Task brief>
All lines below between the line with "mayer-charter-boat-header-quicksilver-activ-555-open-05" and the line with "Domeniul Muntean Zmeul", including both, must be copied exactly, and the pictures must be omitted.

Source data>
--

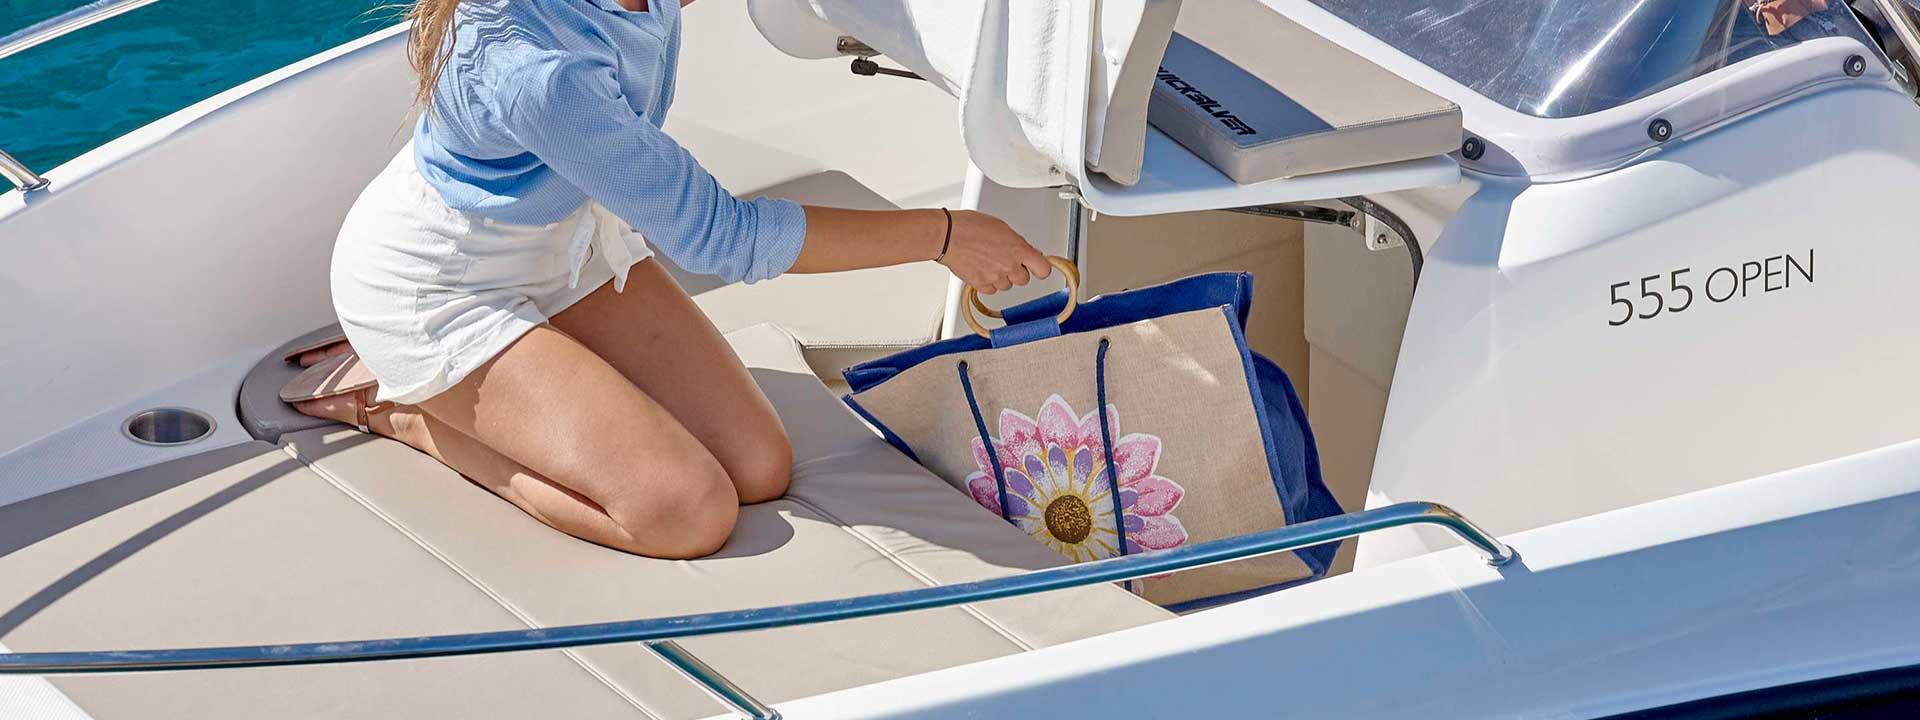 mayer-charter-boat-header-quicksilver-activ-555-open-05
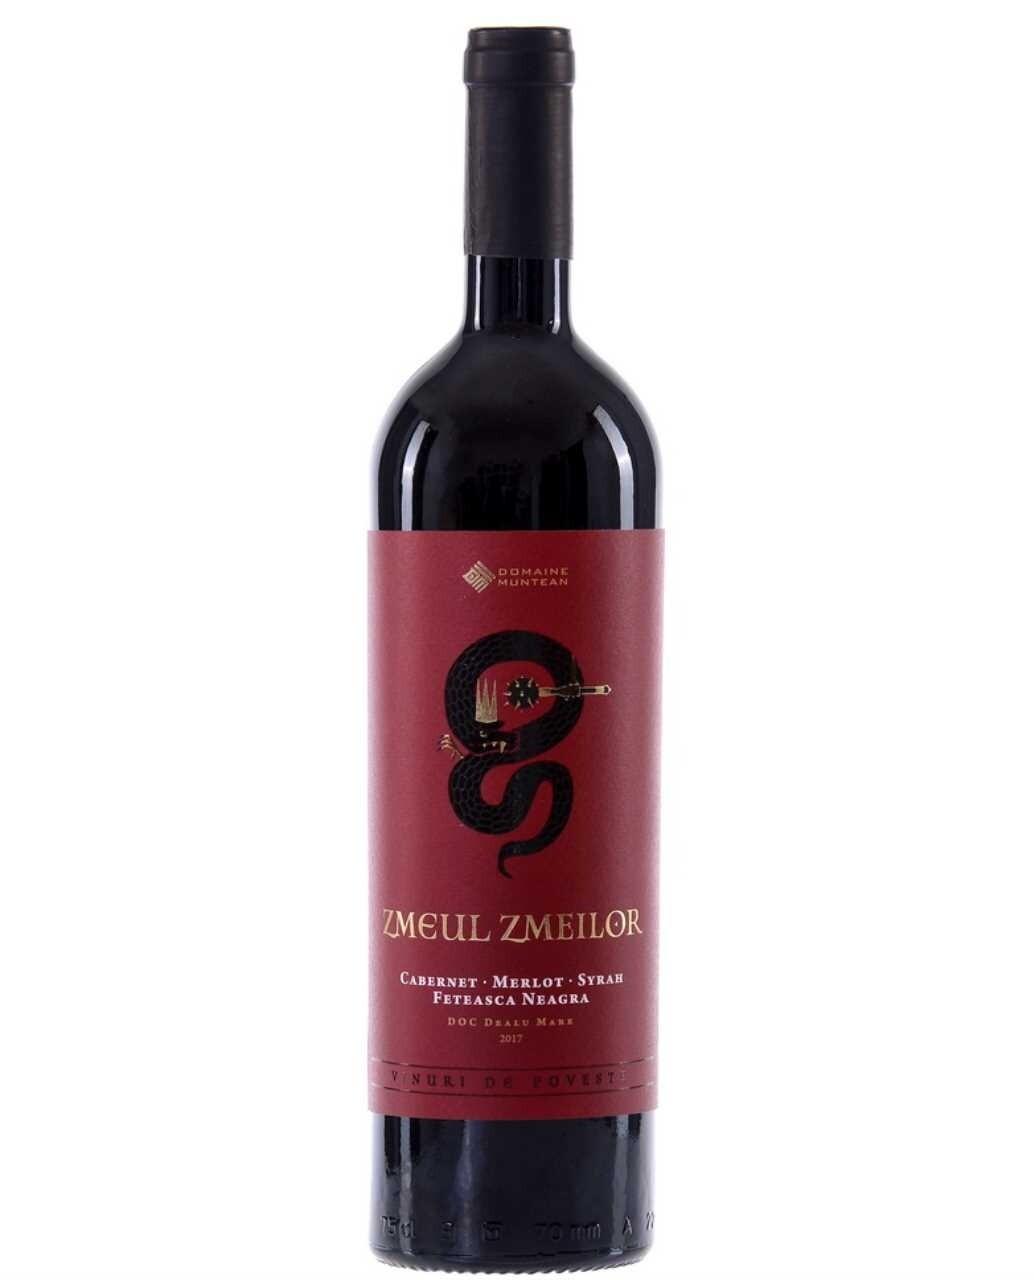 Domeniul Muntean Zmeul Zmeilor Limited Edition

--

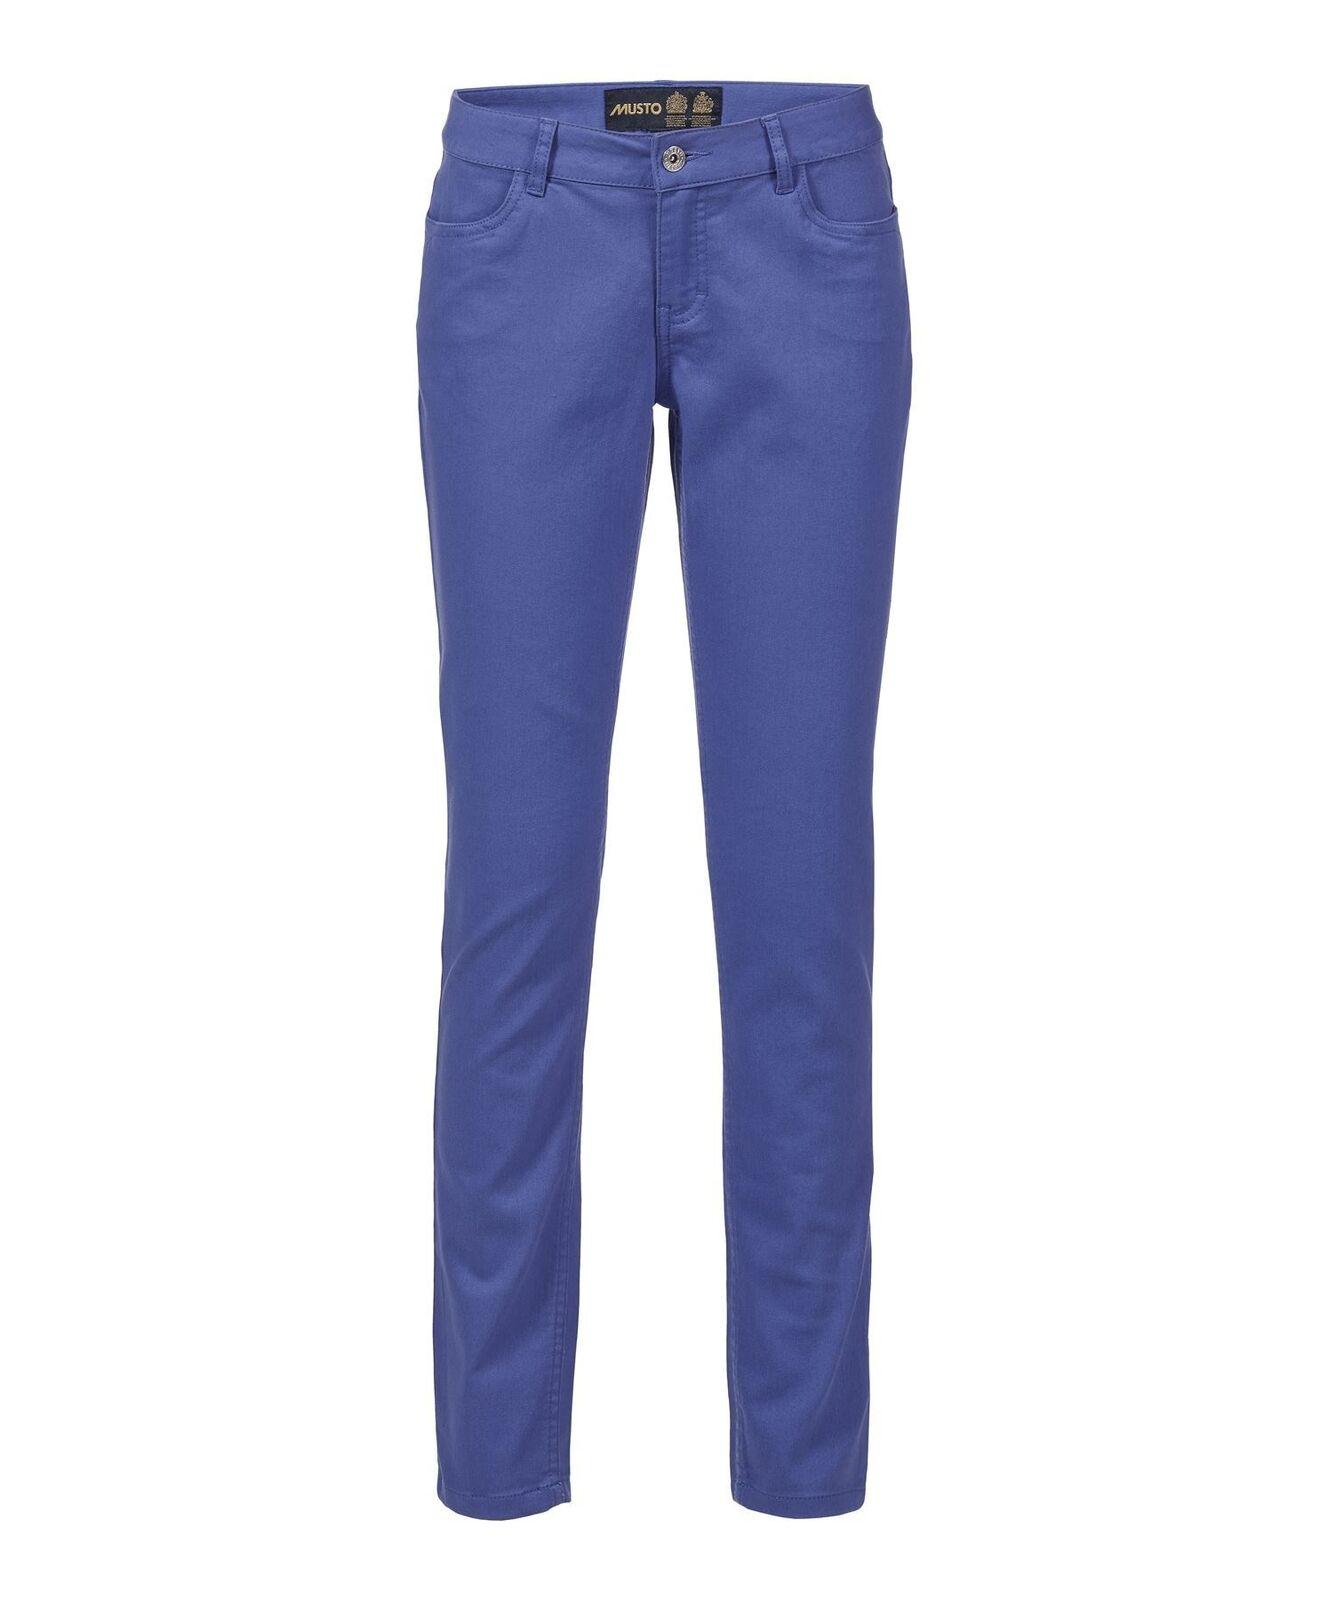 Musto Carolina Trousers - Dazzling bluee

--

Result of this exercise>
 mayer-charter-boat-header-quicksilver-activ-555-open-05
 Domeniul Muntean Zmeul Zmeilor Limited Edition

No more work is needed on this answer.